Joseph F. Martino always reaches out personally to each victim to express his deep sorrow.”

Mr. Baumann received a letter from Chancellor James B. Earley expressing the diocese’s “apology for the pain and anguish you have experienced” as well as an invitation to work with the diocese’s victim-assistance coordinator and to meet with the bishop. But, Mr. Baumann said, “I haven’t heard word one from the bishop of Scranton.”

In his statement, Mr. Genello said he had a conversation with Mr. Baumann and “explained that the bishop does not contact the victim, but expresses his sorrow and offers to help within a meeting that is arranged with the victim, if the victim so desires.” Mr. Baumann has declined offers to meet with the bishop and, when Mr. Genello offered, also declined to have the bishop contact him, he said.

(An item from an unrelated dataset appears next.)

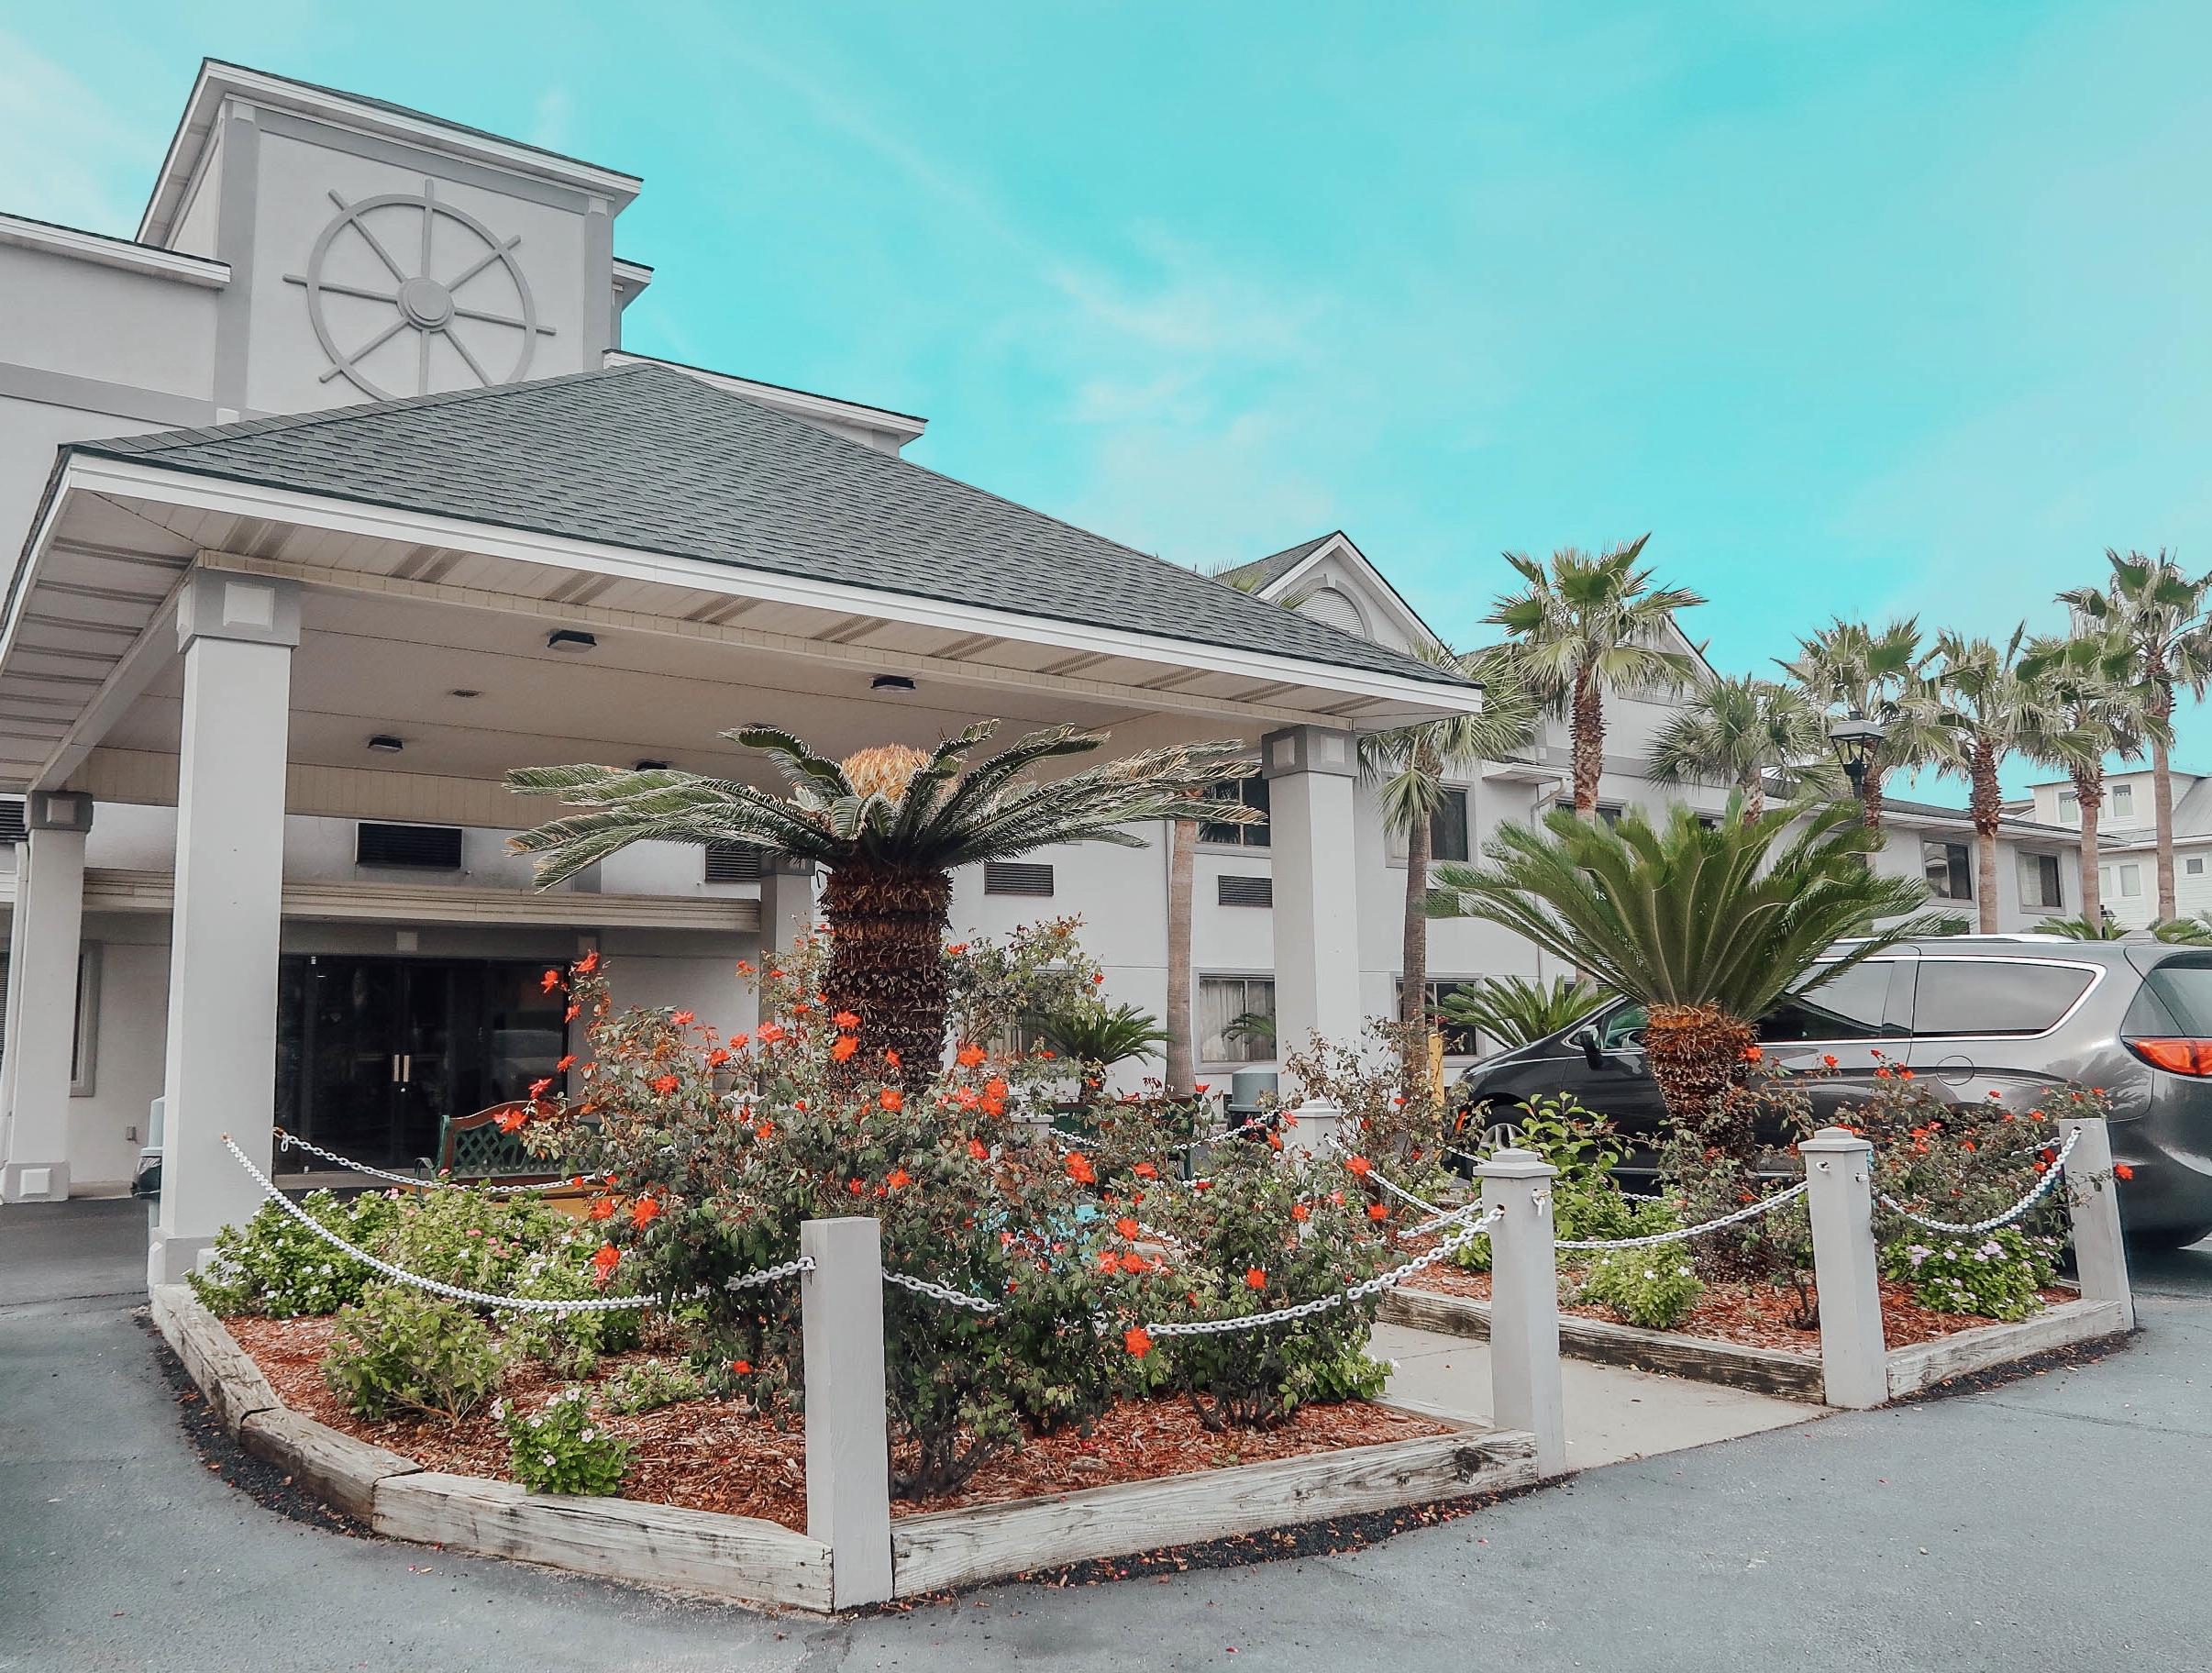 The Best Hotel on Tybee Island! – Admiral's Inn

About some of Mr. Baumann’s requests, including calls for outside accountability, Mr. Genello wrote that they “cannot be fulfilled because they involve procedures that were not part of the policy in effect at the time that the abuse occurred.

“Unfortunately, with any case involving abuse,” he added, “nothing can totally undo the harm done to the victim.”

Mr. Baumann said he is not hoping for the diocese to rewrite the past.

“I don’t think anyone in my position is naive enough to expect that,” he wrote in an e-mail.

“What I want is for the diocese to stop compounding the harm.”